On Fri, May 5, 2017 at 7:44 AM Johan Mabille notifications@github.com wrote:

You need to update xtensor-python, it looks like your version is not 0.11.1

— You are receiving this because you authored the thread. Reply to this email directly, view it on GitHub https://github.com/QuantStack/xtensor-python/issues/88#issuecomment-299444073, or mute the thread https://github.com/notifications/unsubscribe-auth/AAHK0MZ2fi3z5NF04r1AoPAHTcR6-iptks5r2wu5gaJpZM4NI359 .

nbecker commented 7 years ago

And I can't run the logsumexp test, I get segfault on the simplest test python3 Python 3.5.3 (default, Apr 24 2017, 13:32:13) [GCC 6.3.1 20161221 (Red Hat 6.3.1-1)] on linux Type "help", "copyright", "credits" or "license" for more information.

from xtensor_test.logsumexp import logsumexp import numpy as np u = np.ones(4) v = logsumexp(u) Segmentation fault (core dumped)

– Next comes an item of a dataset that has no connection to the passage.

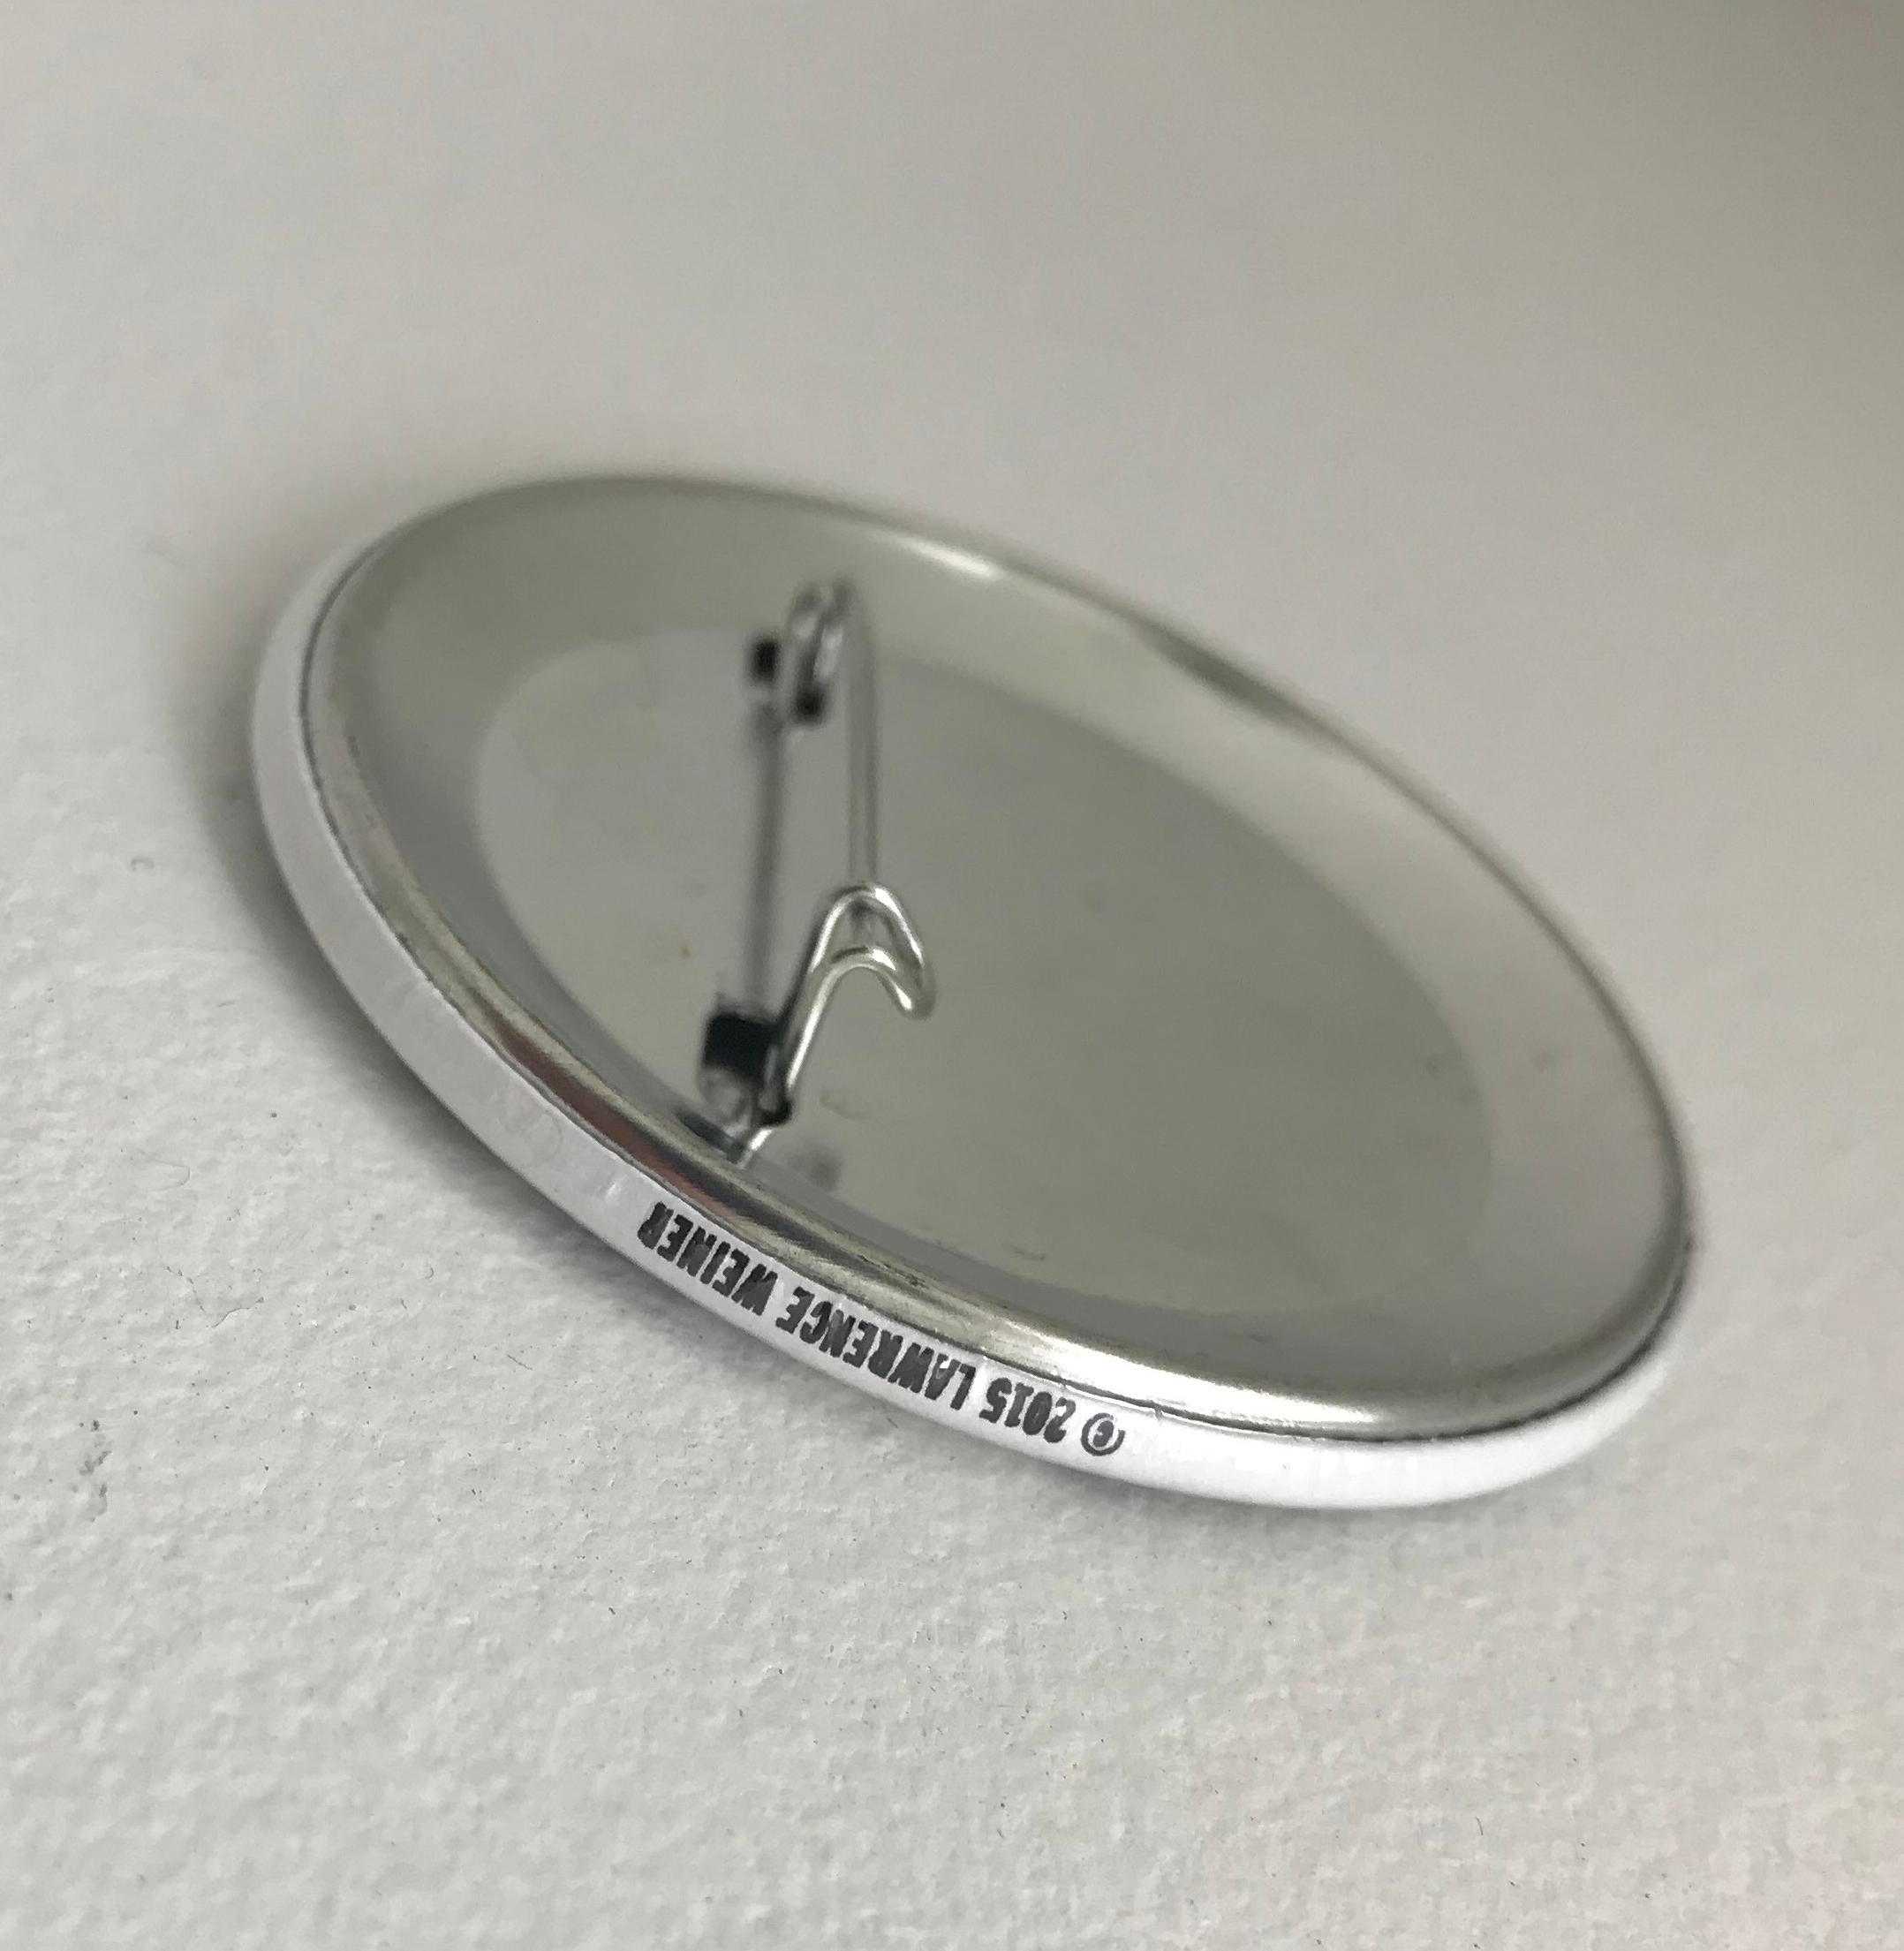 Lawrence Weiner button produced for the opening of the new Whitney Museum, 2015 For Sale 1

On Fri, May 5, 2017 at 7:57 AM Neal Becker ndbecker2@gmail.com wrote:

OK, but I needed:

*** /home/nbecker/xtensor-python.hg/include/xtensor-python/pycontainer.hpp 2017-05-05
07:47:15.893865148 -0400
--- /home/nbecker/.local/include/xtensor-python/pycontainer.hpp 2017-05-05
07:54:52.351386557 -0400
***************
*** 161,167 ****

      template <class D>
      inline pycontainer<D>::pycontainer(const pybind11::object& o)
!         : pybind11::object(raw_array_t(o.ptr()),
pybind11::object::stolen)
      {
          if (!this->m_ptr)
          {
--- 161,167 ----

      template <class D>
      inline pycontainer<D>::pycontainer(const pybind11::object& o)
!       : pybind11::object(raw_array_t(o.ptr()), stolen_t{})
      {
          if (!this->m_ptr)
          {

On Fri, May 5, 2017 at 7:44 AM Johan Mabille notifications@github.com wrote:

You need to update xtensor-python, it looks like your version is not 0.11.1

— You are receiving this because you authored the thread. Reply to this email directly, view it on GitHub https://github.com/QuantStack/xtensor-python/issues/88#issuecomment-299444073, or mute the thread https://github.com/notifications/unsubscribe-auth/AAHK0MZ2fi3z5NF04r1AoPAHTcR6-iptks5r2wu5gaJpZM4NI359 .

JohanMabille commented 7 years ago

Problem fixed on performance branch, the fixed will be merged in master soon.

JohanMabille commented 7 years ago

Performance have been improved in xtensor 0.10.1. Thanks again for reporting!